Funds Europe talks to Calastone’s Michael Davies about the growing importance of operational resilience in the asset management market.
In April 2021, the UK financial regulators issued rules to all UK financial services firms, including asset managers, requiring them to enhance their operational resilience. The policy statement (PS21/3) was jointly issued by the Prudential Regulation Authority, the Financial Conduct Authority (FCA), and the Bank of England. The rules came into effect on March 31, 2022, by which time firms were required to identify vulnerabilities in their operational resilience and set impact tolerance levels for their most important business lines. They were given three years in which to perform mapping and testing and make the necessary investment to operate consistently within their impact tolerances.
The fact that the announcement was made almost a year to the day after the UK and elsewhere went into a lockdown as a result of a global pandemic was not lost on the regulators. “The disruption caused by coronavirus (Covid-19) has shown why it is critically important for firms to understand the services they provide and invest in their resilience,” stated the FCA. “Operational disruptions can cause wide-reaching harm to consumers and pose a risk to market integrity, threaten the viability of firms, and cause instability in the financial system,” added the statement. In acknowledgement of the way that operational risk has risen up the agenda, the FCA has also stated that it “retains the view that operational resilience is at least as important as financial resilience.”
Welcome regulatory action
The importance placed on operational resilience by the FCA is an opinion shared by Michael Davies, head of global operations at Calastone. “We welcome the regulators’ actions. In addition to ensuring asset managers enhance their business continuity plans, the regulation will also ensure firms are asking questions of their suppliers and service providers (including tech vendors) in terms of operational resilience, business continuity, and disaster recovery.”

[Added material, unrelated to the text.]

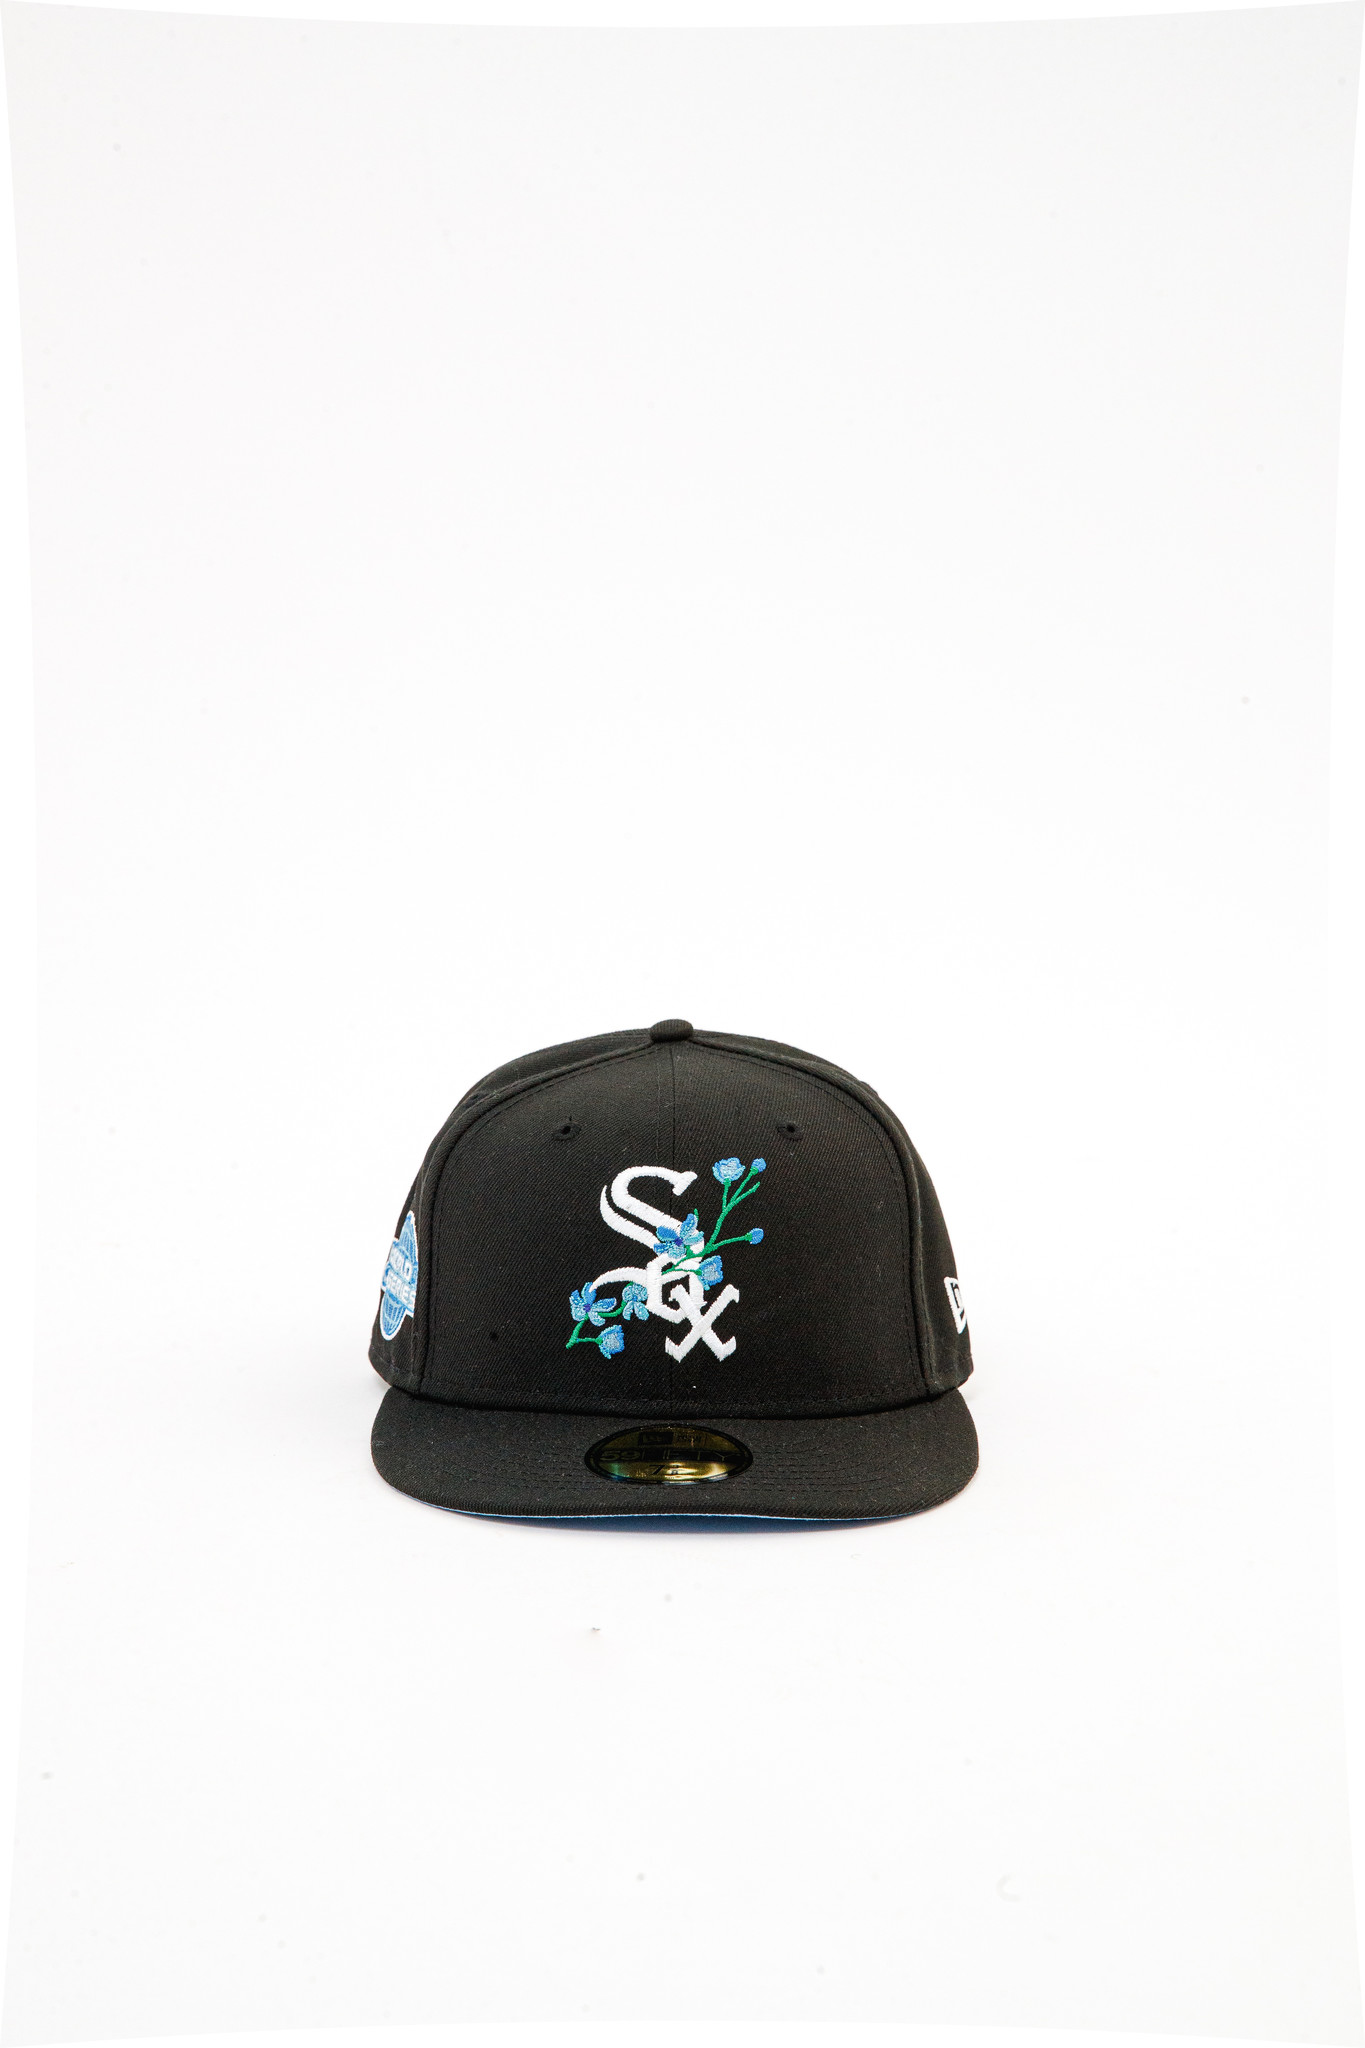 New Era 59Fifty Chicago White Sox Side Patch Fitted Hat, black
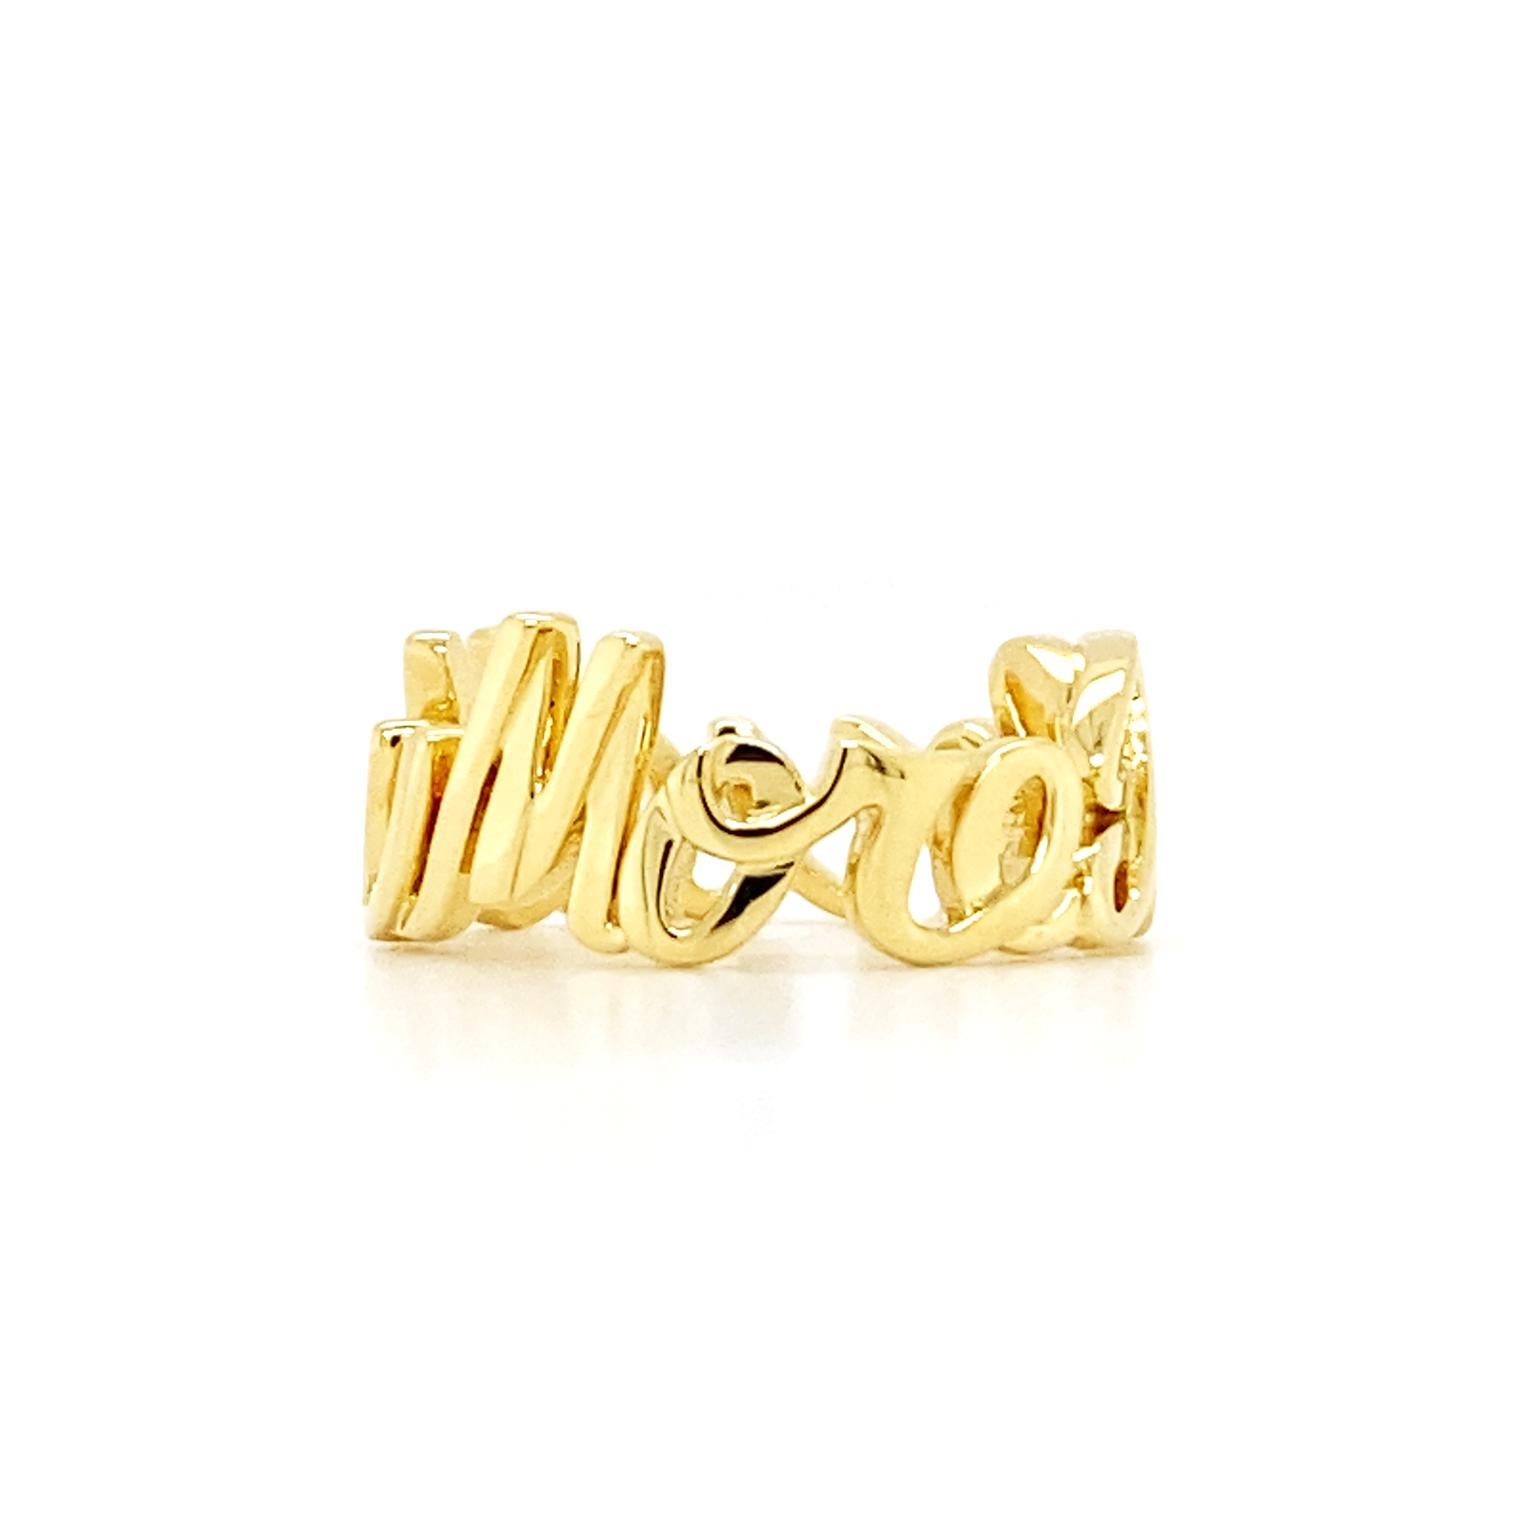 Sleek script of 18k yellow gold glides to pen the endearment, I Love You More. The 8mm tall block letters rotate to form the band, which is polished to glisten. Measurements for the ring are 20.7mm (width) by 8.46 mm (height) by 21.16mm (depth).

The increased importance of operational resilience has also been a result of situational and not just regulatory developments, from the global pandemic to the war in Ukraine and the resulting market volatility that results from geopolitical or macroeconomic shocks. There is also the threat of cyber attacks, an area that continues to become more sophisticated and more threatening. But it was the global lockdown and the move to working from home that revealed to Davies the sliding scale of preparedness among market participants. “As a tech company and a financial network, we had planned for these kinds of scenarios. We moved to work from home two weeks before the UK government’s imposition because we were confident of our ability to make that migration.”
“Many firms struggled”
One of the reasons that so many firms failed was an unwillingness to widen the scope of their scenarios in their operational resilience planning. “Many firms struggled because they hadn’t foreseen or modelled a scenario like a global pandemic,” says Davies. Calastone has adopted a very formal risk management approach when it comes to scenario-planning. “There are questions about volumes; we want to make sure that our systems are able to manage volatility and the impact on trading volumes during moments of market stress – such as the SVB collapse, the UK mini-budget of 2022, or the outbreak of war between Russia and Ukraine,” says Davies.
“For us, the market-wide focus on operational resilience has been a reinforcement of the steps we have already taken and the processes that we already have in place. We always aim to deliver a robust service and to ensure that if there is an outage or a spike in traffic, our clients notice no change and suffer no impact. The biggest change for Calastone as a result of the regulations is the need to evidence everything we do and ensure that all our clients are comfortable with our BC plan, says Davies. “Implementing ISO23001, the international standard for business continuity, was a key step here. It specifies that not only should a BC plan exist, but it should be regularly communicated, evaluated, and updated. Our clients want that reassurance, so you need those lines of communication and that interoperability.”
Successful business continuity
Calastone’s system is set up to ensure clients are never impacted by a market event, says Davies. On the technical side, the platform runs an active/active environment from a combination of physical data centres and cloud-based infrastructure. Each data centre is capable of running the system independently and managing a full day’s traffic. This is regularly tested by taking at least one data centre offline. Calastone also performs rigorous system monitoring, not just of Calastone’s platform but also of client behaviours and systems. Alerts are triggered if a server CPU or any other app or hardware is running at an excessively high level for longer than advised or if system performance drops below the expected level. “This ensures that the majority of action taken is pre-emptive, with potential system issues identified and resolved before they ever threaten to impact a customer,” says Davies.
Successful business continuity is also about collaboration, and there are measures firms can take to ensure that if their counterparties experience a period of disruption, any impact is mitigated. “For example, we put a timestamp on any trades so that they can be retroactively executed at the intended time,” says Davies. Calastone is also part of an FCA working group dedicated to operational resilience and encouraging best practices – such as ensuring there are secondary lines of communication should a primary connection go down.”
As BC manager for the Calastone group, Davies is also responsible for overseeing testing and training for all staff. “Resilience is front and centre of everything we do at Calastone,” he says. “We have been increasing our focus every year and expanding our scope and our budget so it is drilled into staff at all levels because operational resilience is not just about technology; it is about people. You need to commit to it as a business, and you need to prepare for all eventualities.”